Our new BASE Clinical facility is opening in 2024 at the Translational Research Institute (TRI).
The facility includes state-of-art GMP clean rooms and laboratories and will support the production and analysis of mRNA/LNP batches for clinical trials.
BASE Clinical will provide the process development, scalability, production and quality needed to progress your mRNA vaccines and therapies to the clinic.
BASE Clinical will produce mRNA and LNP batches, along with analytical services and quality documentation, for clinical trials.
These manufacturing services are supported by experienced process development, scale-up capabilities, and seamless technology transfer into our production facility.
We ensure the successful delivery of mRNA and LNP batches for early-stage clinical trials.
BASE Clinical will provide comprehensive analytical services to ensure the quality of our mRNA/LNP batches.
Our qualified and validated instruments and assays can accurately measure critical mRNA quality attributes, including identity, integrity, capping efficiency, impurities, and safety.
These capabilities are supported by an expert quality control team with extensive experience in mRNA/LNP analysis.

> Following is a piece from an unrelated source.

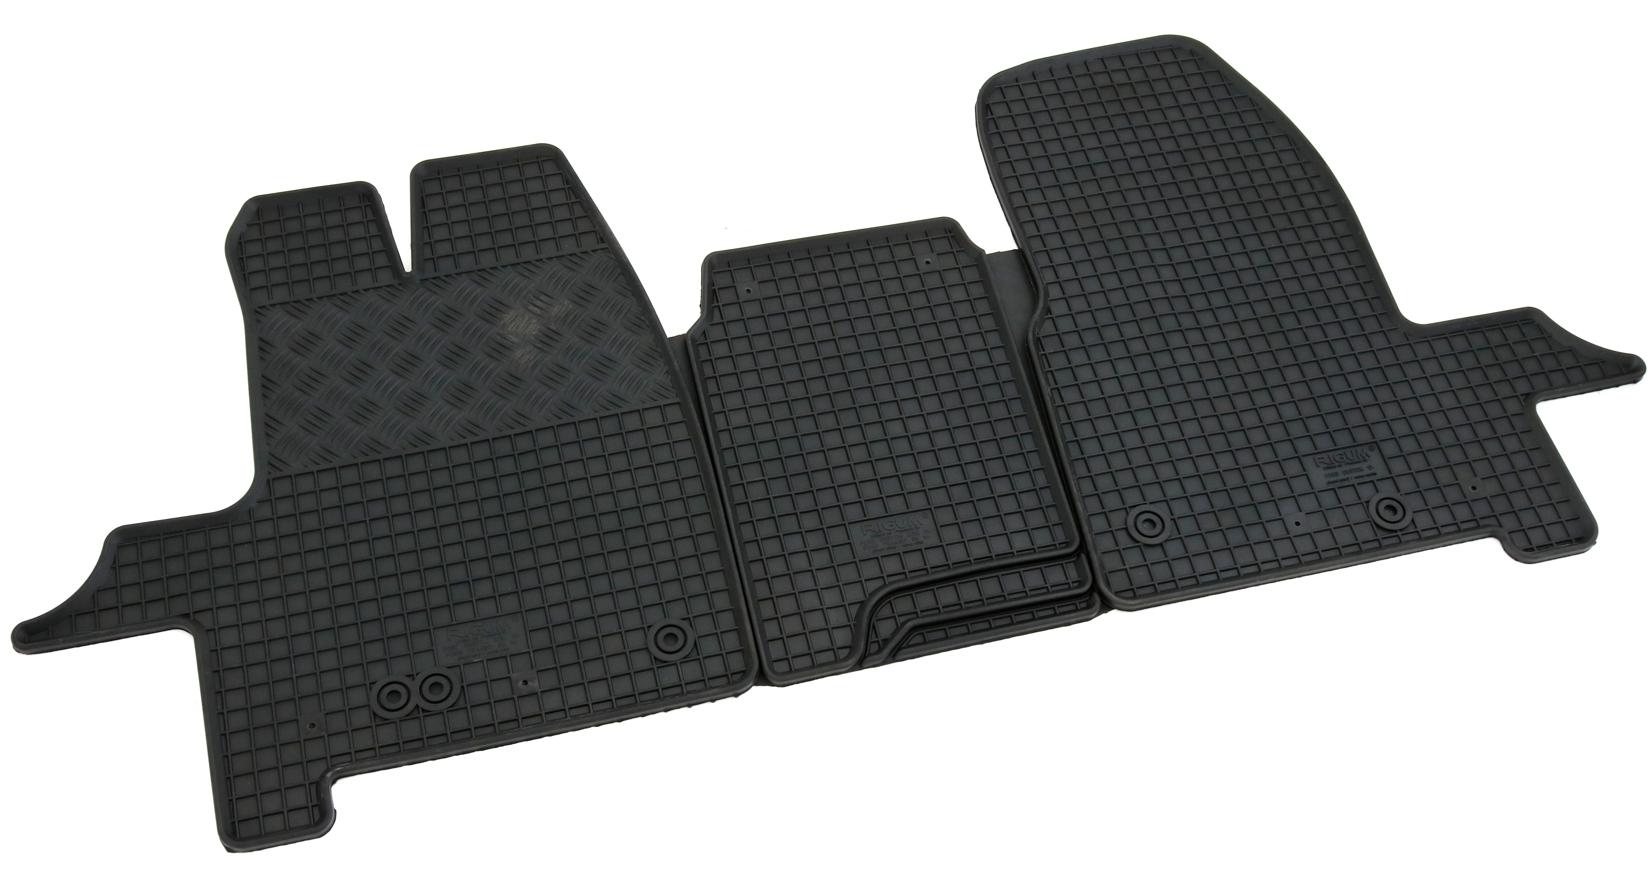 TOP Qualität FORD CONNECT 2-Reihen ab 2013 Gummifußmatten passgenau Fußmatten

BASE Clinical is committed to providing mRNA and LNP batches at the highest-quality, purity and safety.
Our production undergoes rigorous quality control and is supported by phase-appropriate quality documentation and regulatory submission support.
Our robust Quality Management System (QMS) and team of quality experts ensure mRNA/LNP batches are manufactured at the highest level of quality, consistency and purity.